**Exercise directions**
Before printing, remove every picture; then print the lines below exactly, from the first line through the line containing "Action in front".

___ Given data

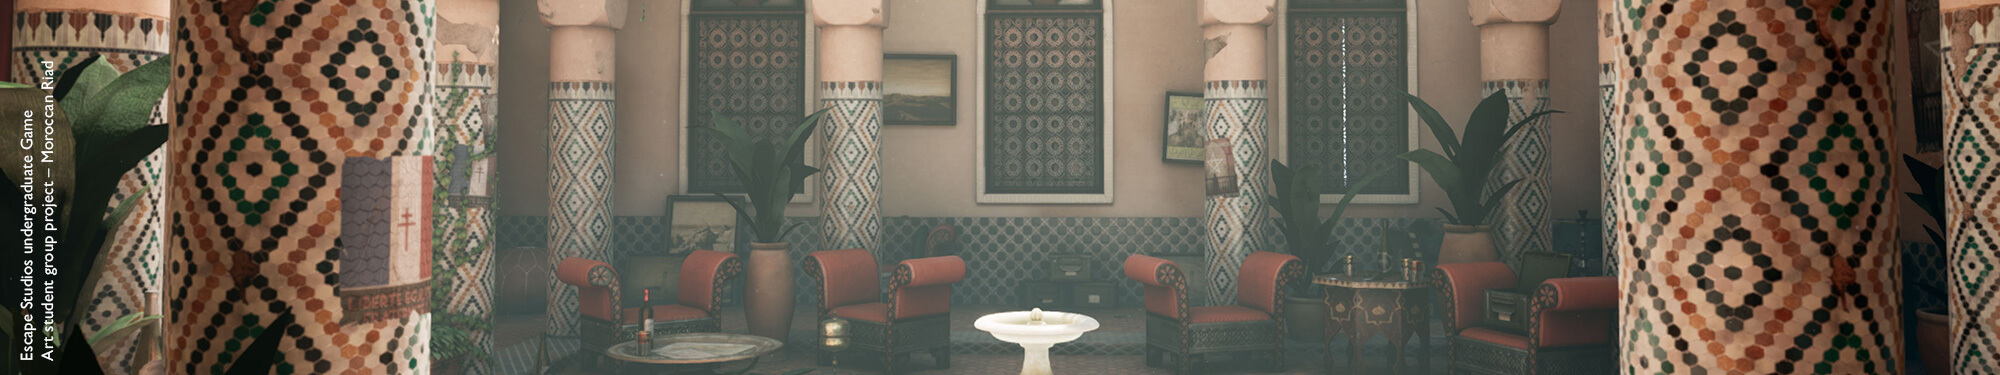 Game environment scene of a Moroccan riad
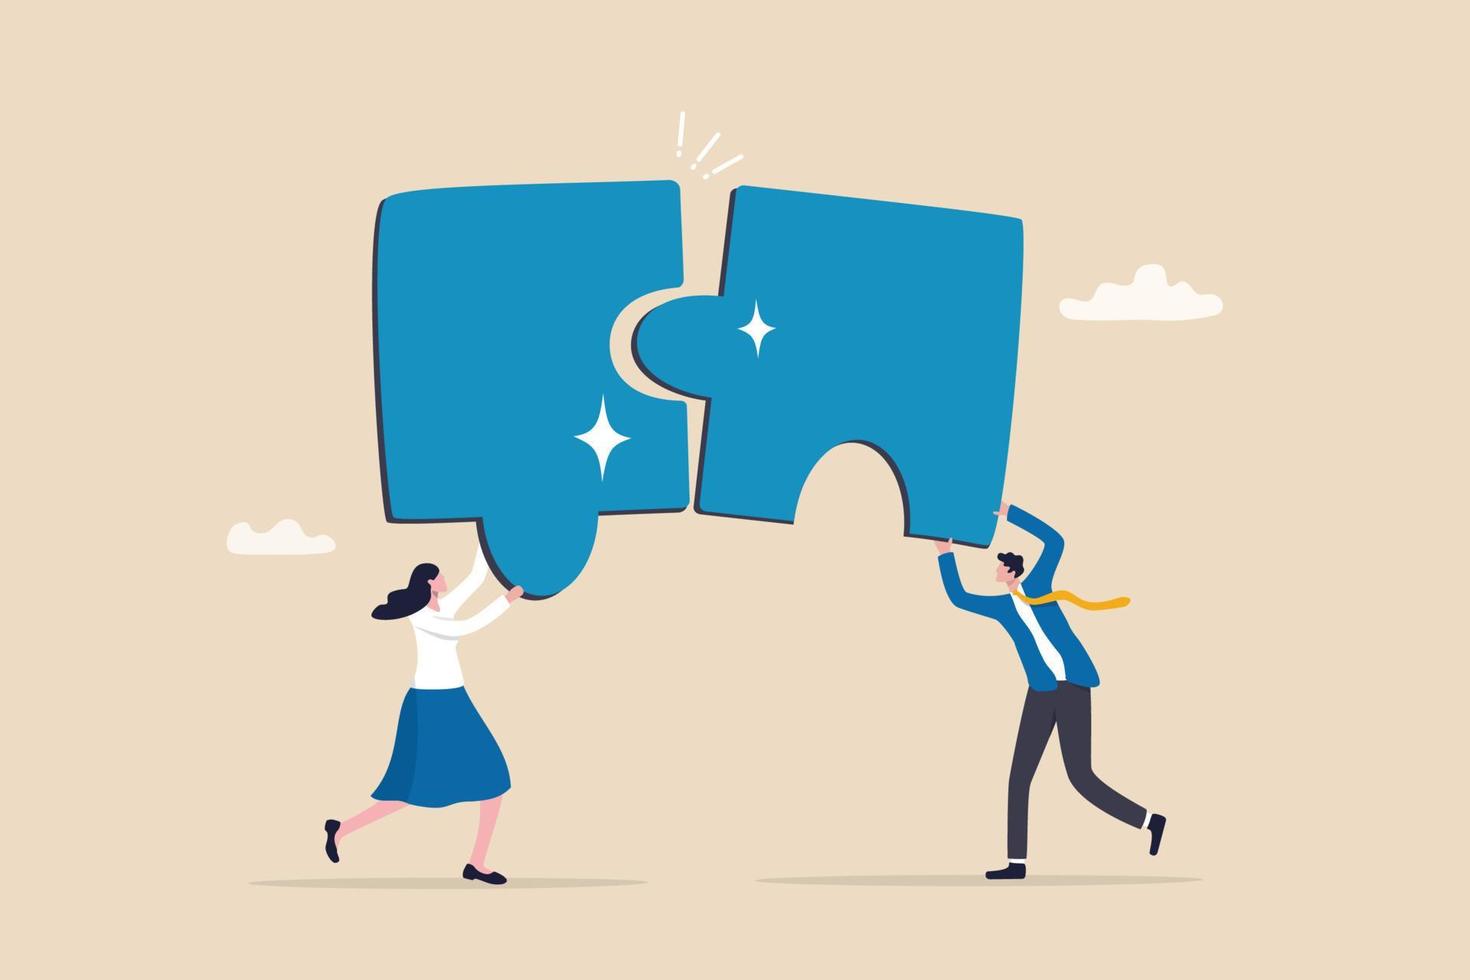 Partnership working together for success, friendship or connection to help solve problem, teamwork or unity to cooperate and overcome challenge, businessman and woman partner connect jigsaw puzzle. vector
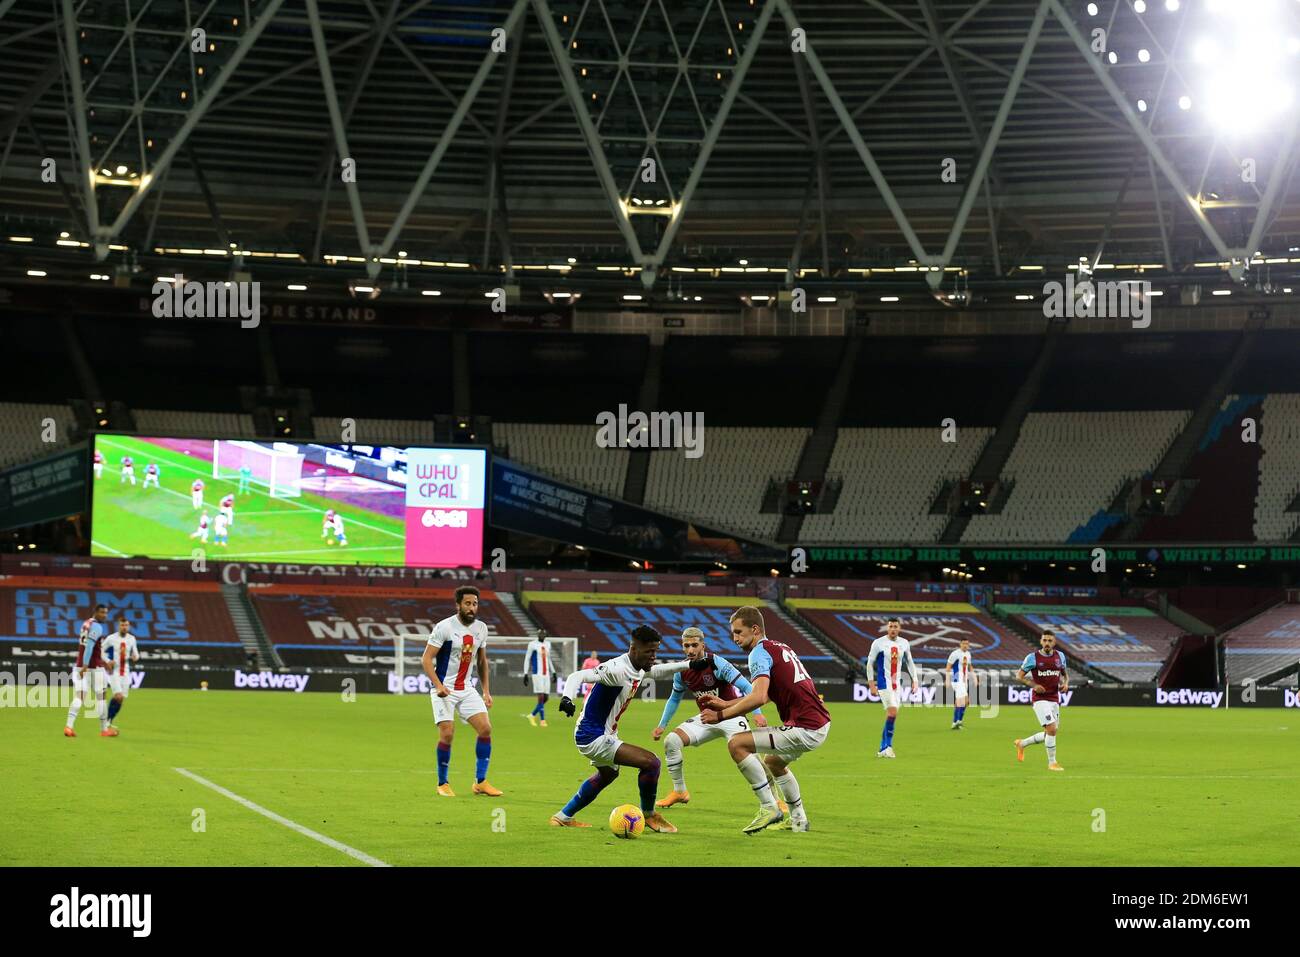 Action in front of empty stadium during the Premier League match at the London Stadium. Stock Photo
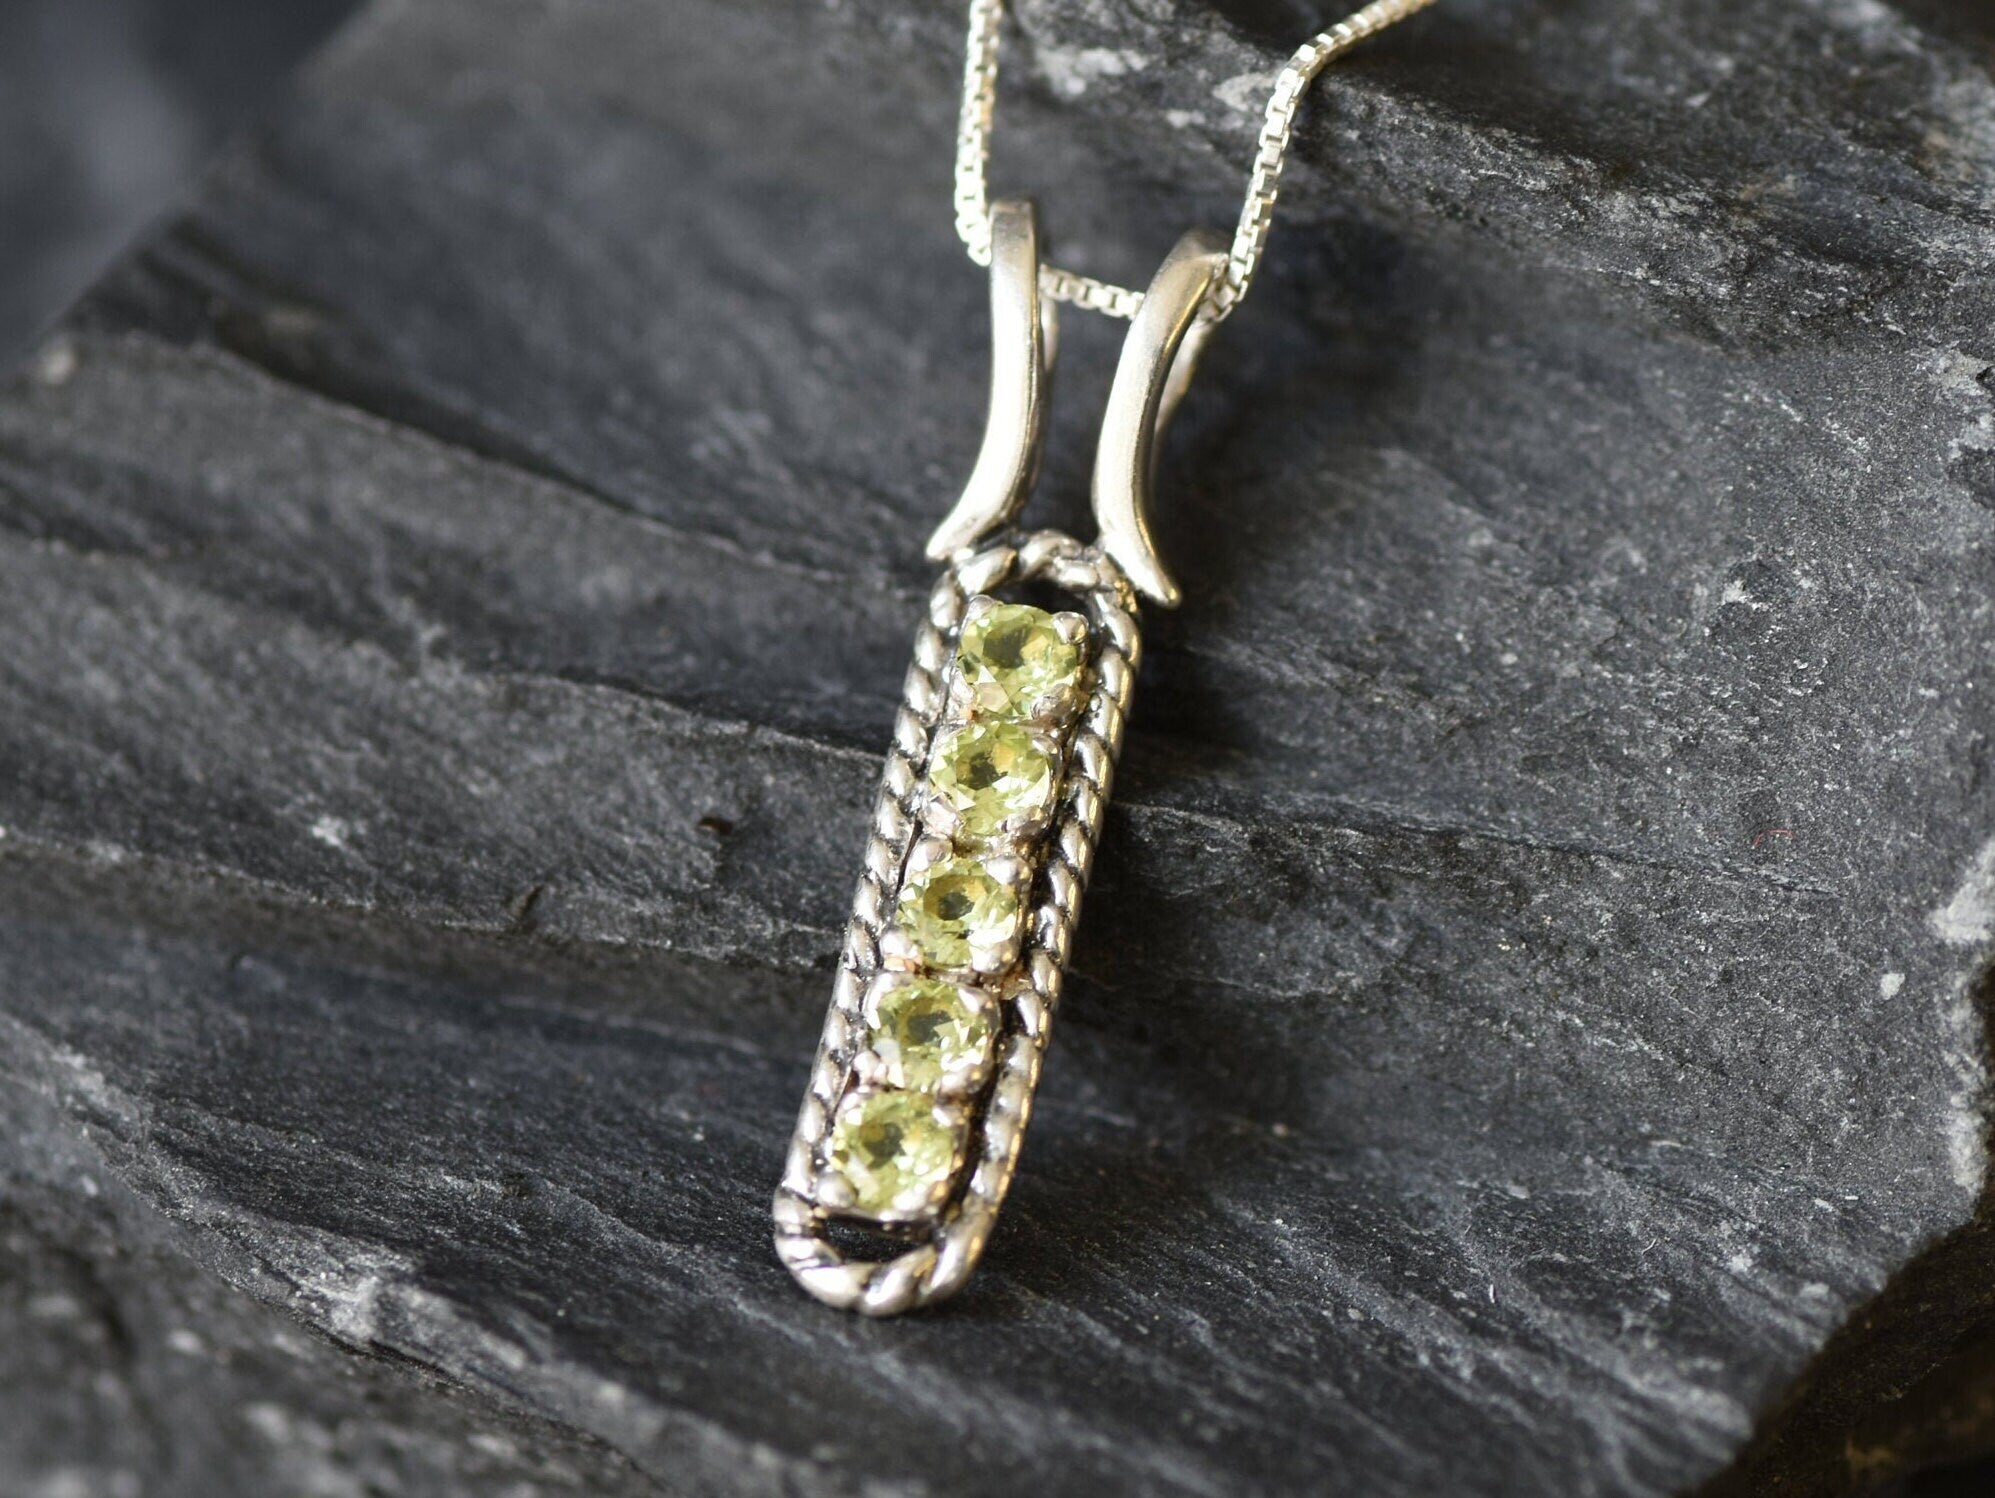 Peridot Pendant, Natural Peridot, August Birthstone, Victorian Pendant, Vintage Pendant, Layering Necklace, Peridot Necklace, Solid Silver

______

**Answer to this exercise**
 Game environment scene of a Moroccan riad
 Partnership working together for success, friendship or connection to help solve problem, teamwork or unity to cooperate and overcome challenge, businessman and woman partner connect jigsaw puzzle. vector
 Action in front of empty stadium during the Premier League match at the London Stadium. Stock Photo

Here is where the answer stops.